At the time, I was aswirl with fears and recalculations of life and trying to come to terms with it all.  As for many people, sight is my dominant sense.  I am a teacher, a reader, a writer; a filmmaker; and a musician whose greatest strength might be sight reading.

And I am a gardener.  Who studied it seriously enough to make it an avocation, and who chose not to make it a vocation, but relies upon it as a form of meditation.   So it was not the generic laments of "how will I read?" or "how can I create images on film?" or "will I be valuable, can I even function happily, as a musician who cannot read music?"  Each of those had their own levels of solvability.

It was when I looked across one of my garden beds out front, thinking I would scan for weeds, and realized I could not even differentiate the leaves of the wanted plants, that I was whalloped.


One of many amazing things about the human eye (and our brain) is how we can see this, this image as recorded by a camera, but then also instantly and seemingly simultaneously scan for up close detail.  Standing from this point, I can look into and across the top of the foliage and identify where errant grasses and weeds are.  Kind of hard here, even if you click on the picture and open it up bigger.

So I have to approximate what our eyes can do.  Kind of like I needed to that day I stood a few paces away from the bed out front, and had a rapid, blistering series of realizations.


Like our amazing eye/brain communication, I was simultaneously realizing "Hey, I can't see the weeds!"  and "Hey, I can't see...much of anything.  Green.  That's it."  All the while moving in closer and closer...


The killer was I got right in on top of the leaves.  Which, in that case, were siberian iris, ornamental grasses, and regular lawn grass grown tall enough to flower and go to seed.

Not that I'd know.

I was done for.

***

I take a lot of close up and macro images.  For all kinds of reasons:  they rarely fail to interest me, it's a shortcut to helping make a picture "work," it's the only way to be sure certain details my eye-brain is registering are being communicated to the viewer.

When I lost my eyesight--when it went fuzzy, when I watched it glaze over and out--I didn't just lose a type of input.  I lost an important physical metaphor for sorting and thinking.  Learning and practicing are complex things, and putting learned practiced knowledge and ability to work creating is yet another complex something.


When it comes to camera images, you can sort manually that which your brain does intuitively.  See that picture there, with the angelica and the purple iris in the foreground and the peach and purple iris in the left background?  Pull it up large.  Let your eye scan over it.  Decide what it in sharpest focus.  In photography parlance, you are identify just what plane in the depth of field was made to be the center of attention.

In overblown fiction parlance, a character hones their eagle eyed attention on the pointy sharp edges of a loosely fronded angelica stalk, and notes the sharp contrast between edge and the surrounding air.

Either way, you just sorted detail that was already sorted.

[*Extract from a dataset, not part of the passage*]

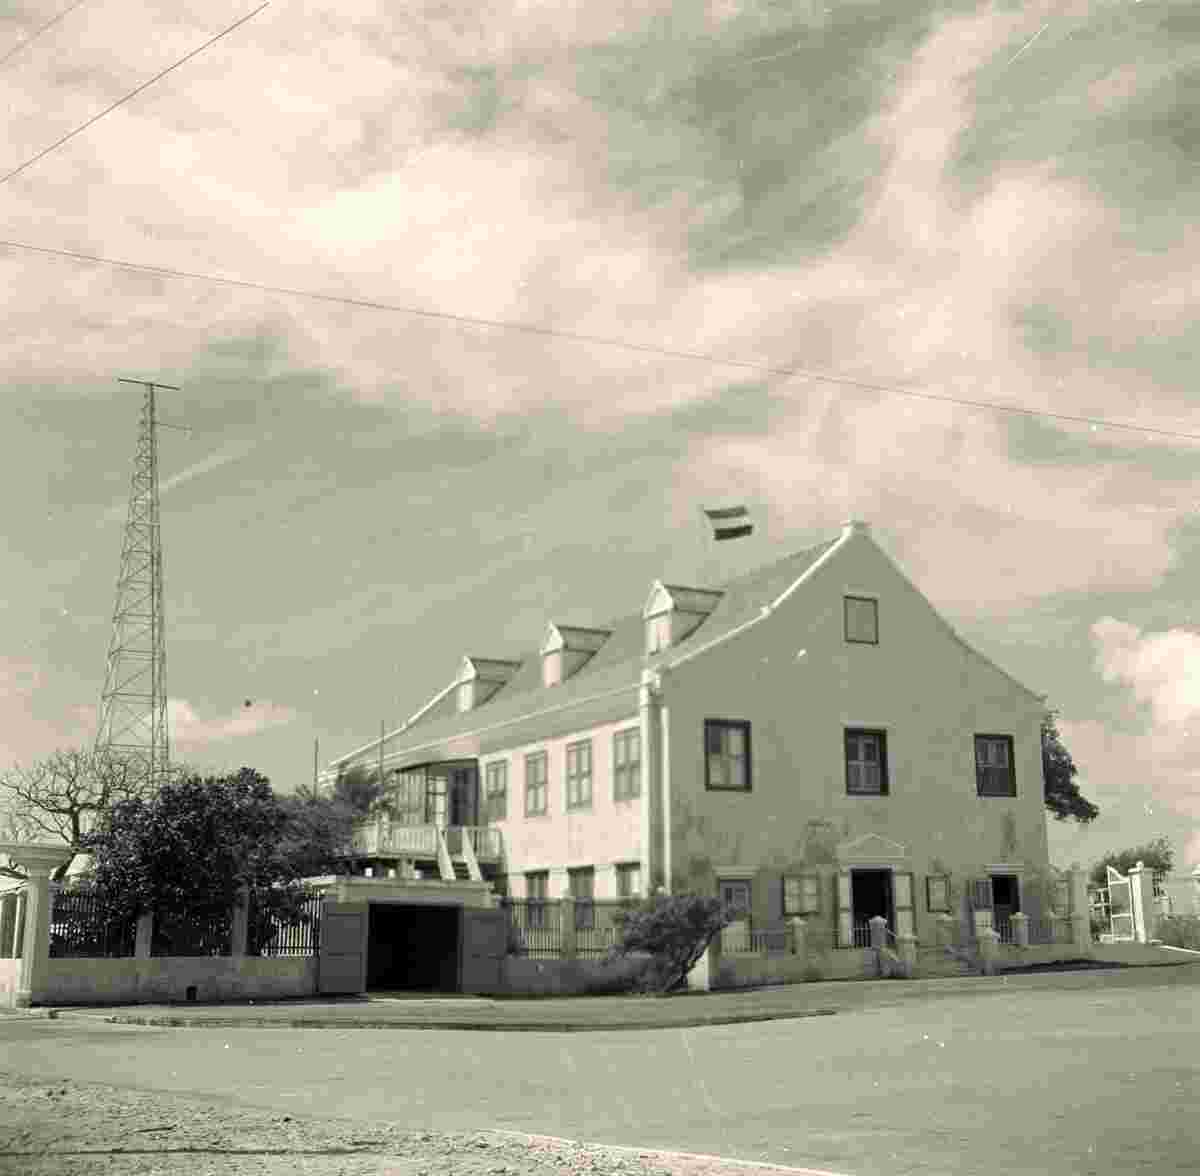 Kralendijk. The Lieutenant Governor's Office, 1947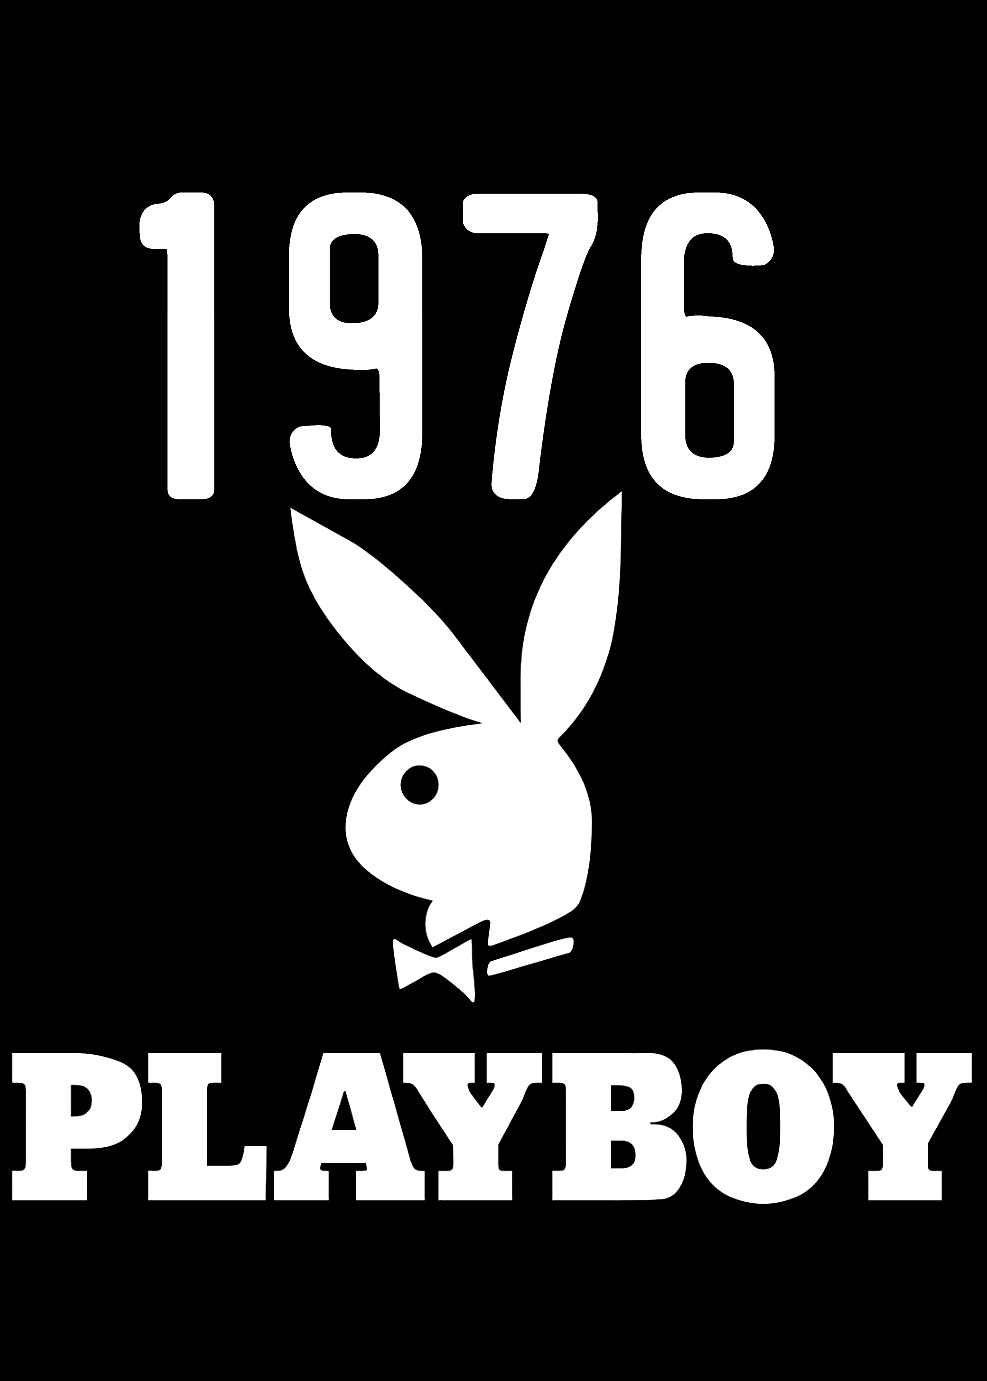 Playboy Magazin Am Besten Von 1976 Wunderbar Mega Pack #40525875

Look again; that picture was not taken by having the camera a foot away from the angelica.  The camera is at a distance, and zoomed in on the angelica stalks.  The fence in the far background is over 10 feet away from the angelica, and not a soft wash of grey, but series of sharp edged planks with clearly visible graining and splinters.  WHEN one's attention is upon it.  This angle/lens choice removes the option of paying attention to that.

So, you sorted a further level of detail from a collection of input that had already been pared.  That's a lot of thinking.  That's a lot of deciding where and when to pay attention.  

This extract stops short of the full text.